When following that guide for the first time on a production system – we would recommend a backup (without snapshots).
Performance Analyzer is smart enough to detect the change, and enlarges both the partition and the file system contained in the partition.
- detect the resize of either the boot or the data disk
- resize the last partition to add the new space
But what is the magic behind that?
Something we didn’t mention – all is done without LVM!
Let’s get into some details:
The Performance Analyzer appliance has a two disk configuration. The first disk holds the operating system, the second disk the data. We skipped the swap partition and have a swap file within the root file system. That is acceptable since we avoid swapping at all costs anyway.
It’s important to know that only the last or the only partition within a disks (green color) can be resized in an straightforward way.
The disk layout of Performance Analyzer looks like this:
If you want to enlarge the second disk, you simply change the VM configuration and increase the disk there. If the option is greyed out then make sure to remove existing snapshots.
Although the disk is resized, the Linux kernel is not aware of that change.
disk is resized, but the linux kernel is not aware of the new size without reboot or interaction
To make the kernel aware, one can issue the following command as root:
echo 1 > /sys/class/block/sdb/device/rescan
This triggers a rescan of the device sdb. If you resized another disk, replace sdb with the disk number you changed. You can follow the procedure in syslog – and you should see some lines similar to this:
[89741.613318] sd 2:0:1:0: [sdb] 106954752 512-byte logical blocks: (54.8 GB/51.0 GiB) [89741.613393] sdb: detected capacity change from 53687091200 to 54760833024
When the kernel finishes the rescan (usually within fractions of a second), it is aware of the larger disk:
new disk size detected, partition is unchanged
The partition is not automatically adjusted and needs to be resized as well in two steps
Typically fdisk was the tool of choice for the first step and a utility like partprobe (or a reboot) for the second step.

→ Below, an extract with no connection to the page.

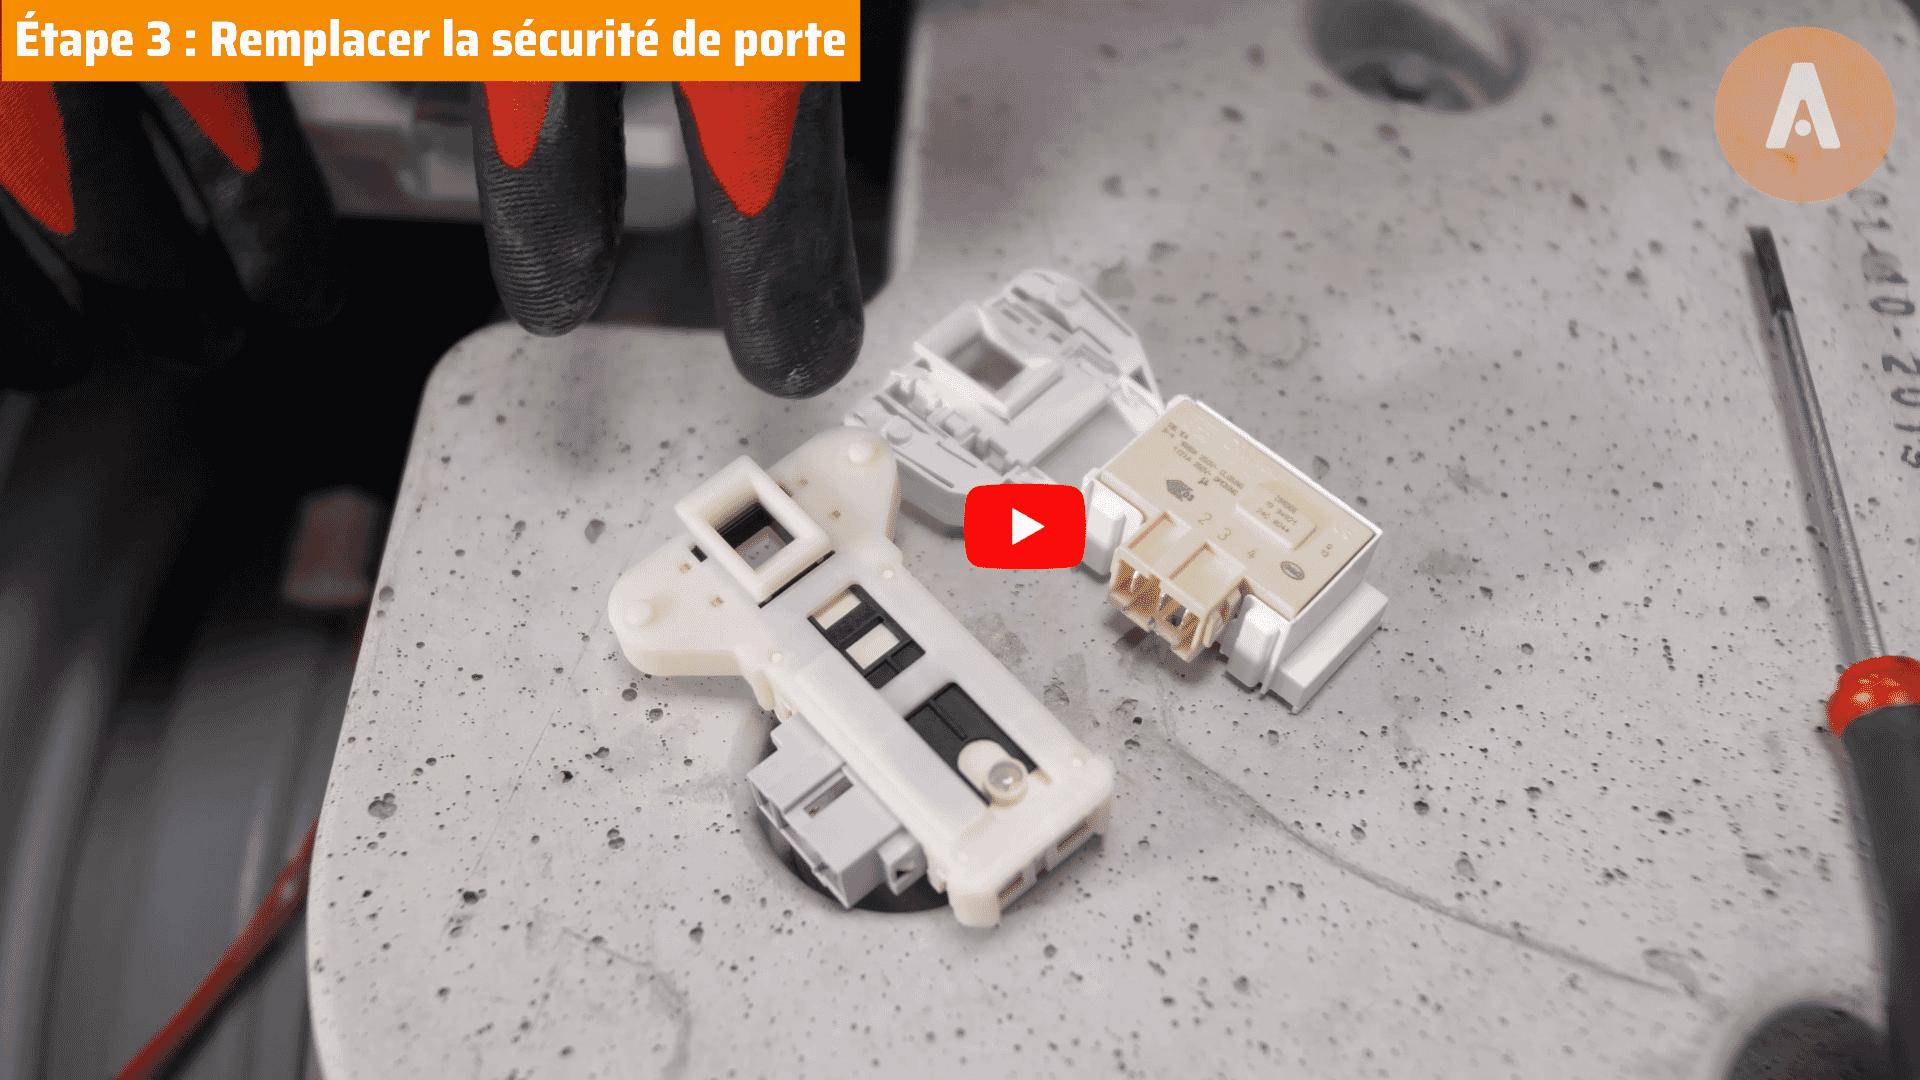 Tutoriel vidéo : comment changer la sécurité de porte d'un lave-linge ?

But things changed and you can use a great software called growpart
growpart is part of the cloud-utils-package, and should be available in your distro’s repositories, in case its not already installed with your OS. Debian or Ubuntu:
sudo apt-get install -y cloud-utils
With growpart, enlarging the partition to maximum size and informing the kernel of the changed partition size is a one-liner:
The first parameter is the disk device, the second parameter is the number of the partition to resize. After running growpart, your disks look like this:
partition is resized using growpart
The partition is resized now and the kernel is already using the new partition table.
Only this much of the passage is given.